Where the line containing "show original title" appears below, begin there and reproduce each line exactly through the last one, omitting pictures.
*** Opening of GIVEN MATERIAL ***
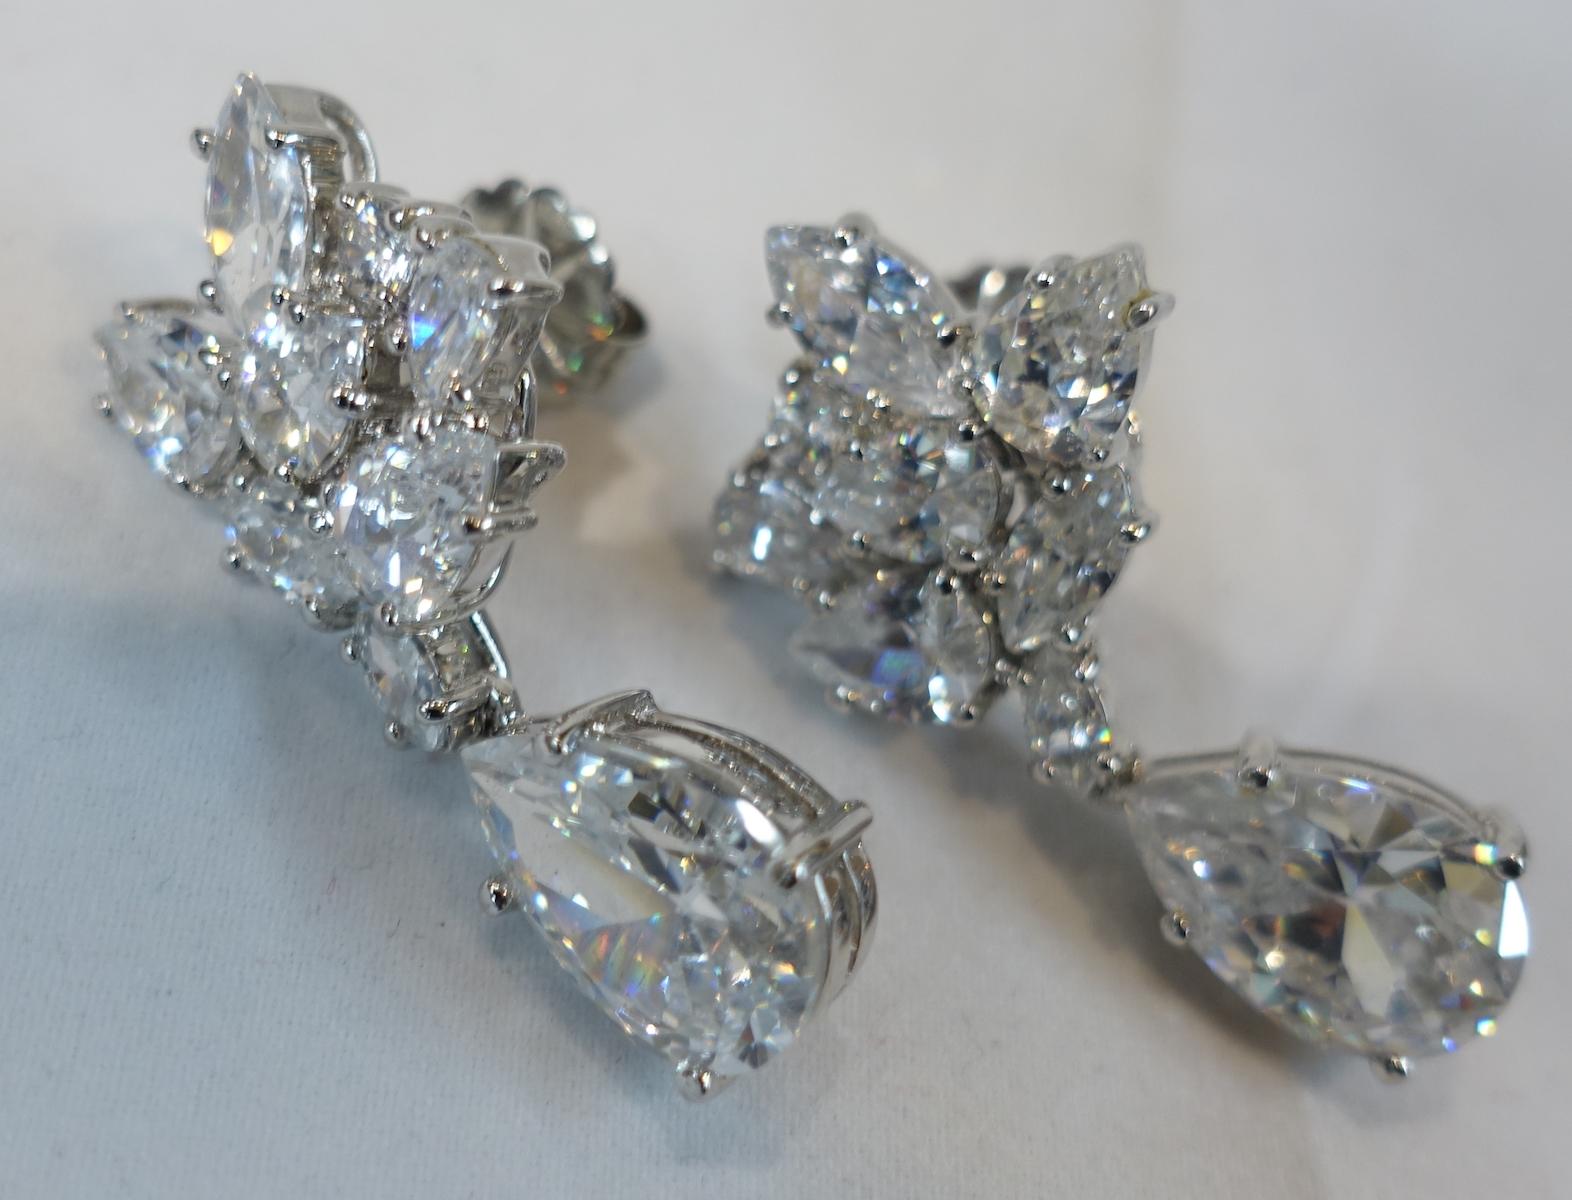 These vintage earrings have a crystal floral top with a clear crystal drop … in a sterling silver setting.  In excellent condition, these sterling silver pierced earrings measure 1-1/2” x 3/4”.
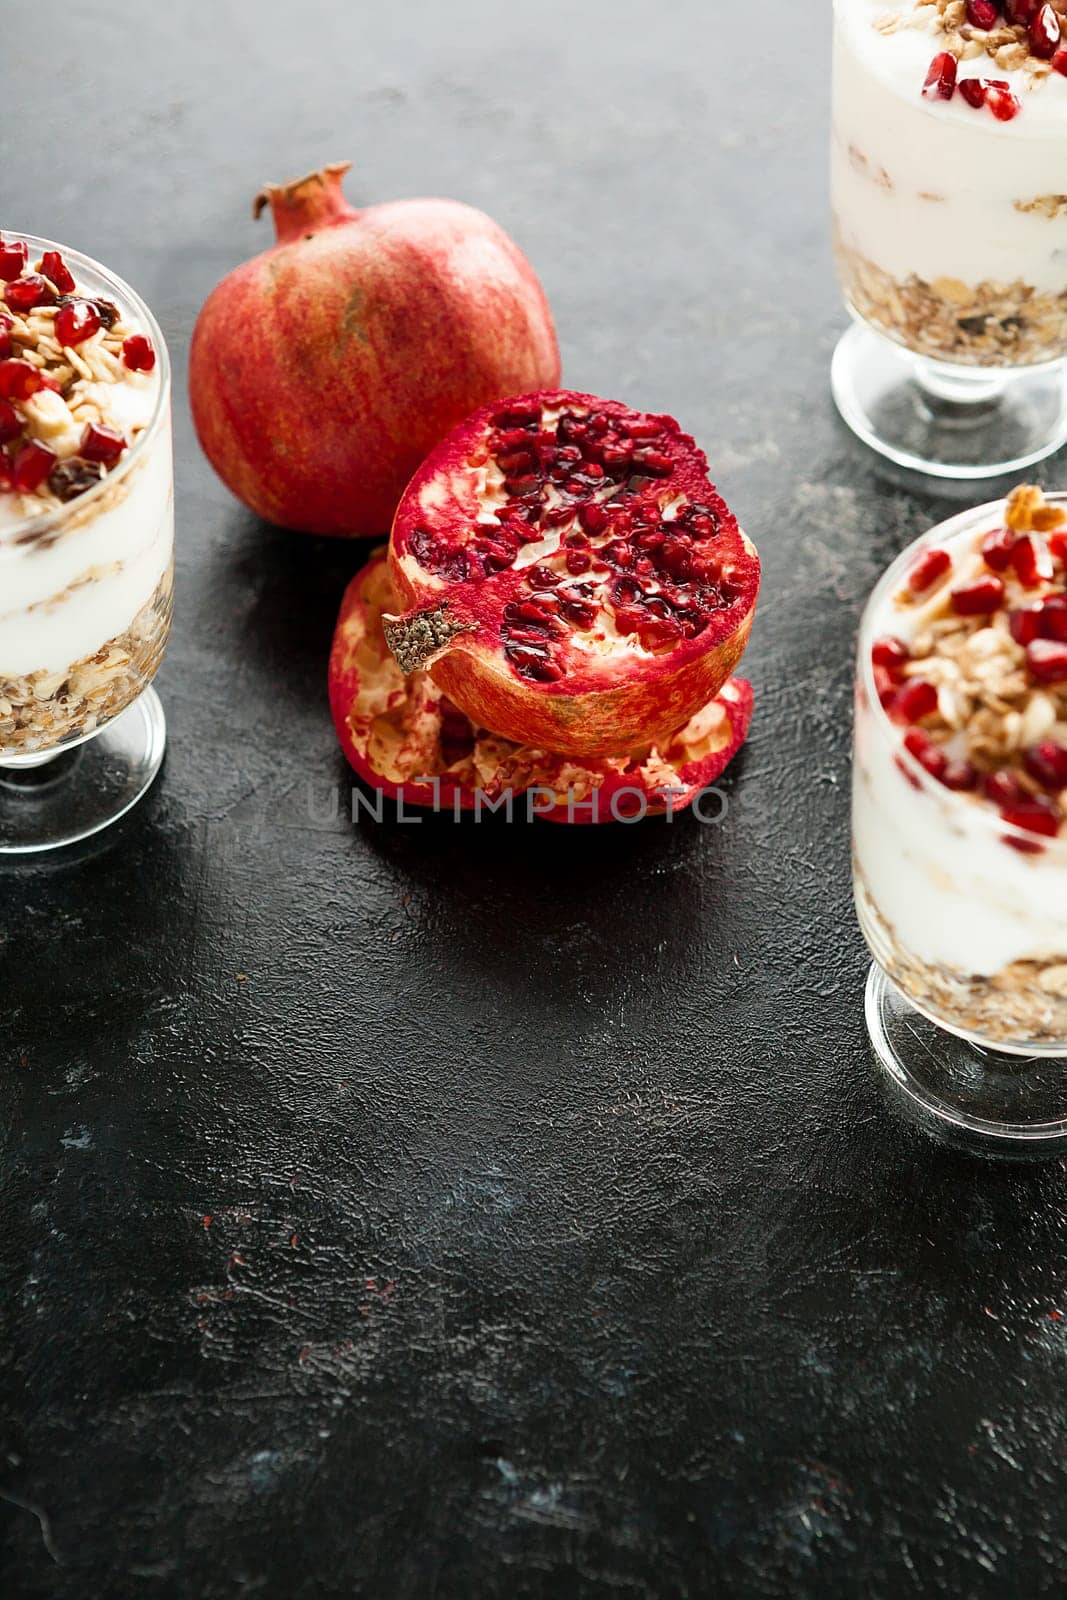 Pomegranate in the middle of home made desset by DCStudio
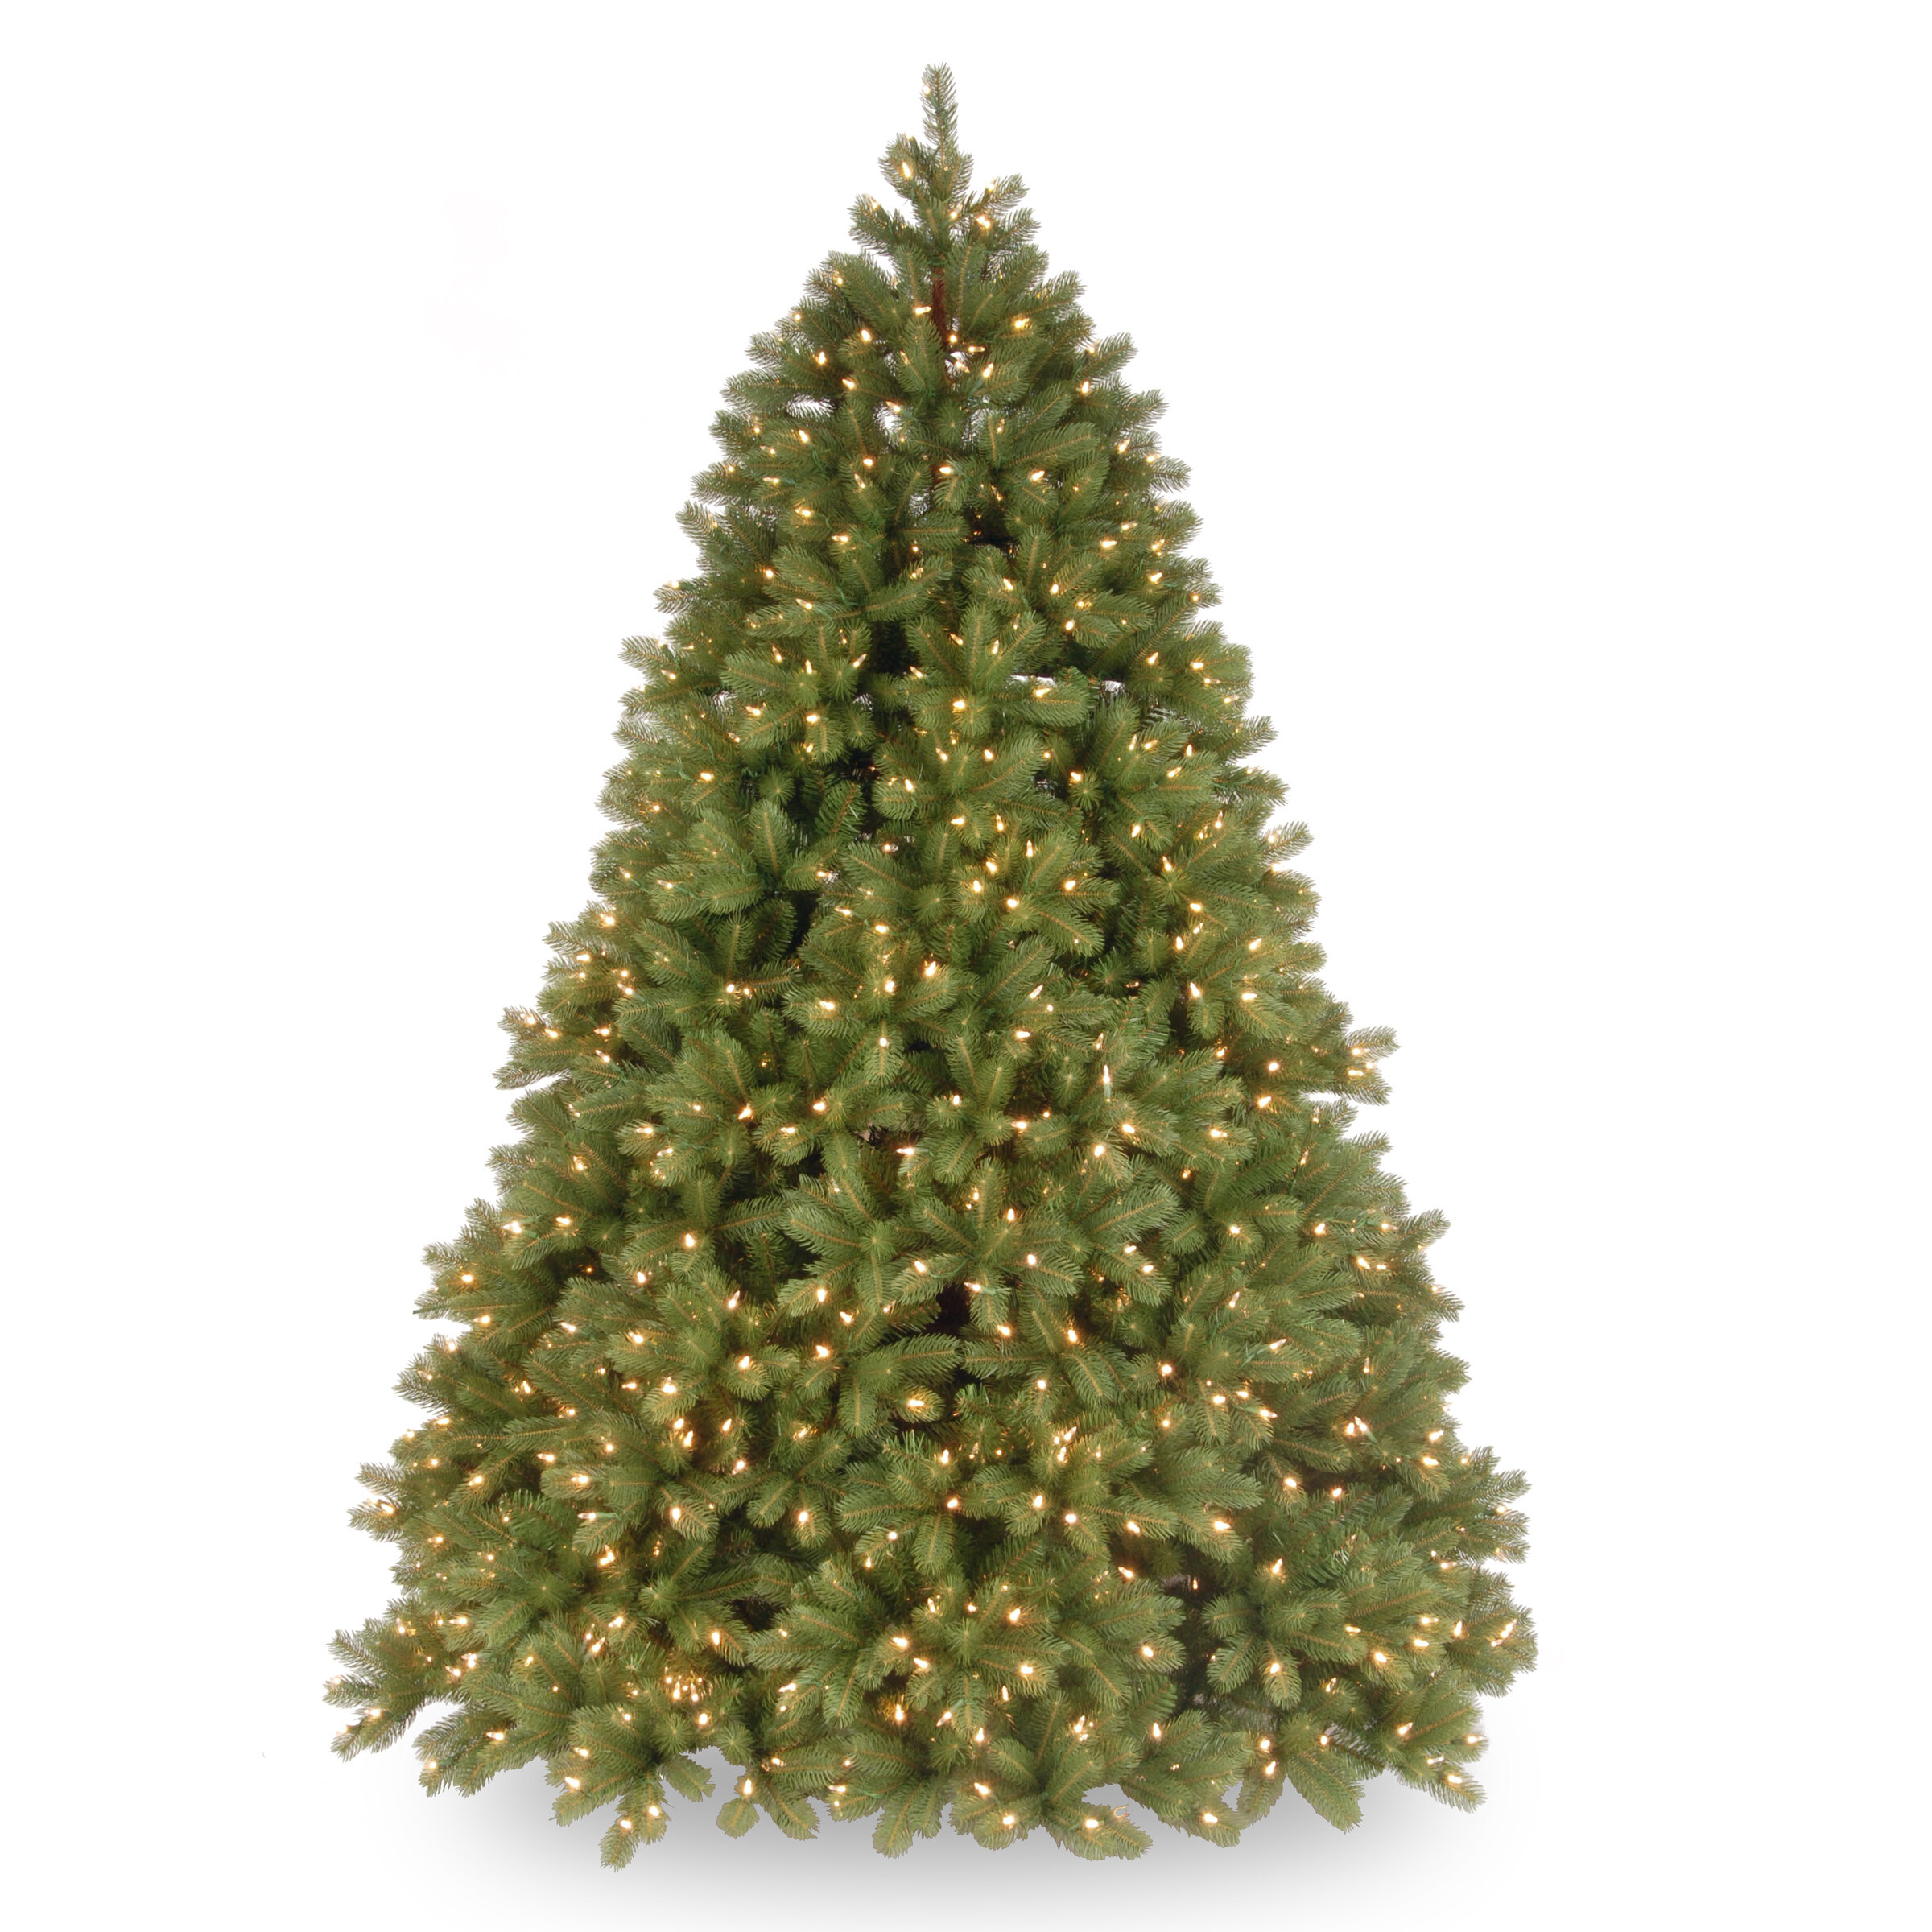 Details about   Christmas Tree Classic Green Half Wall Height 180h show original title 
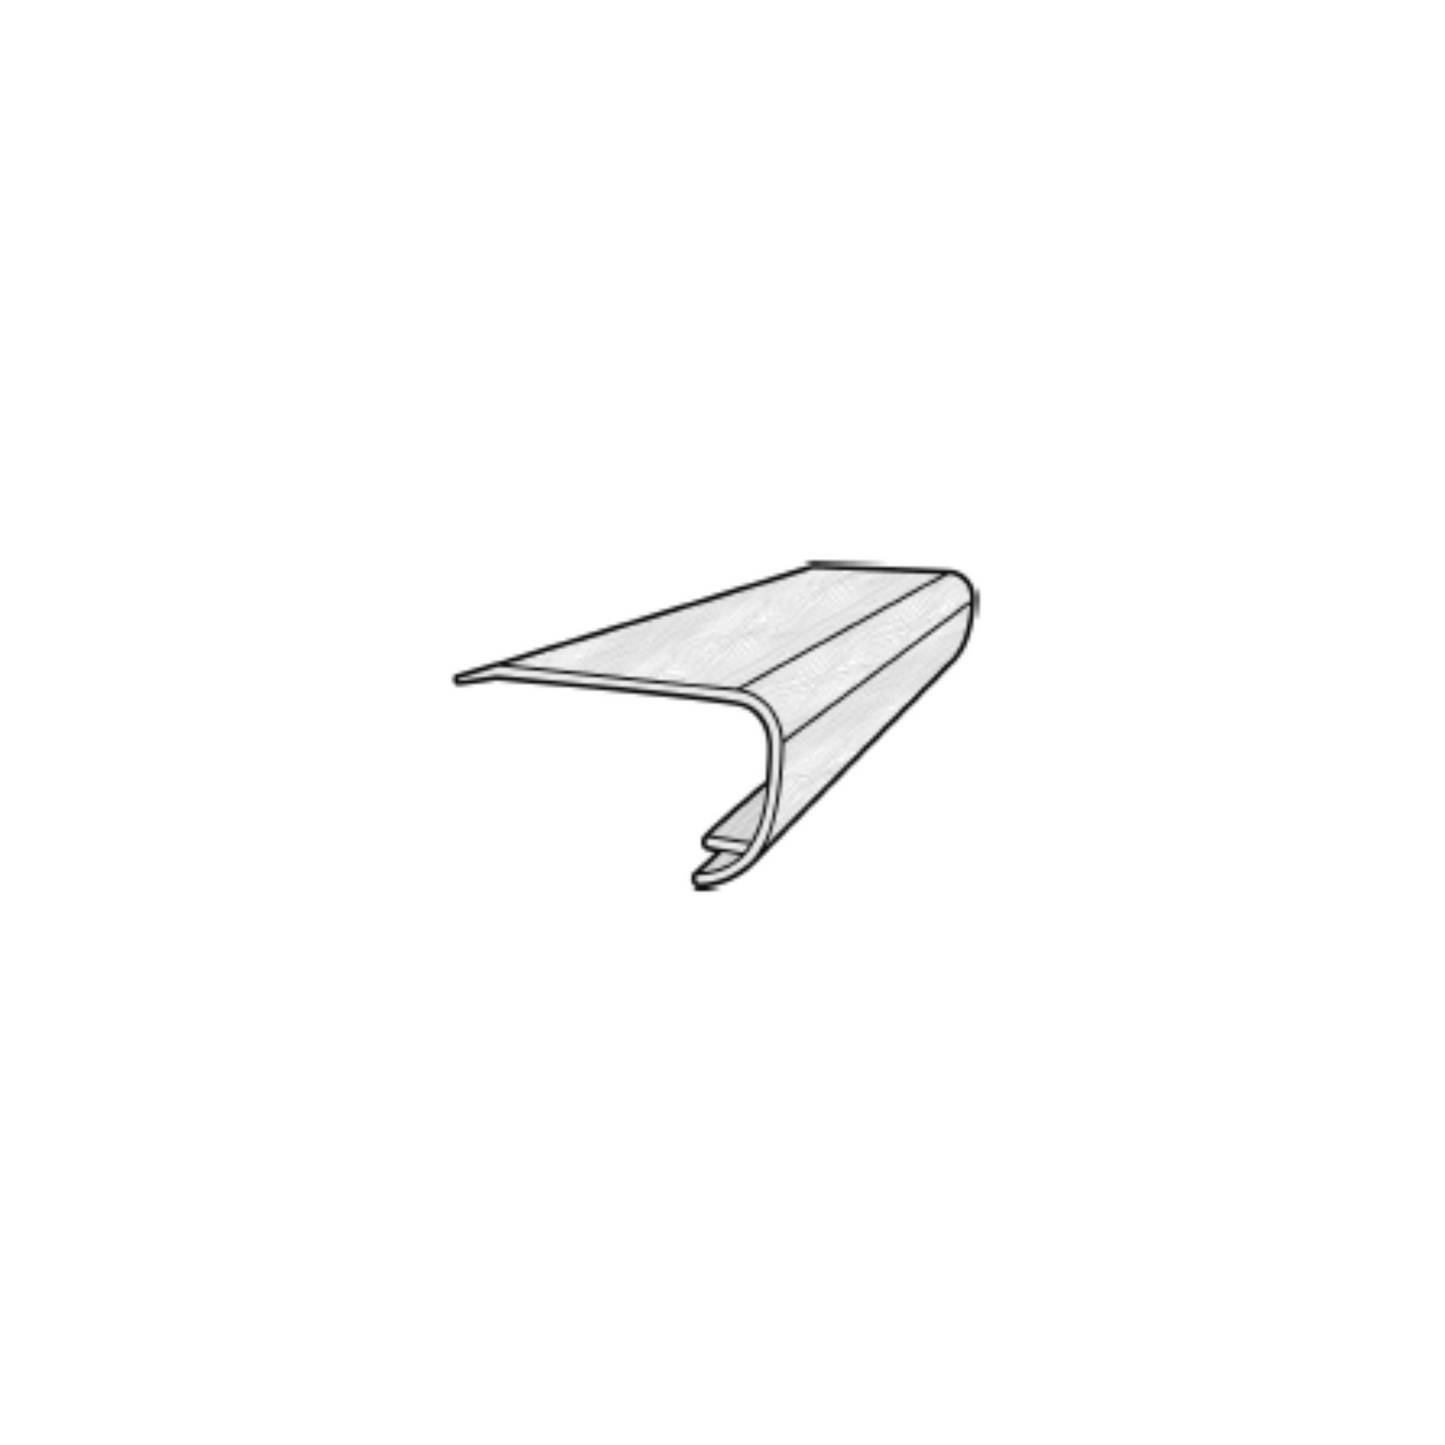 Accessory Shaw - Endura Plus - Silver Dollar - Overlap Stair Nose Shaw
*** Close of GIVEN MATERIAL ***
# YOUR RESPONSE
 Details about   Christmas Tree Classic Green Half Wall Height 180h show original title 
 Accessory Shaw - Endura Plus - Silver Dollar - Overlap Stair Nose Shaw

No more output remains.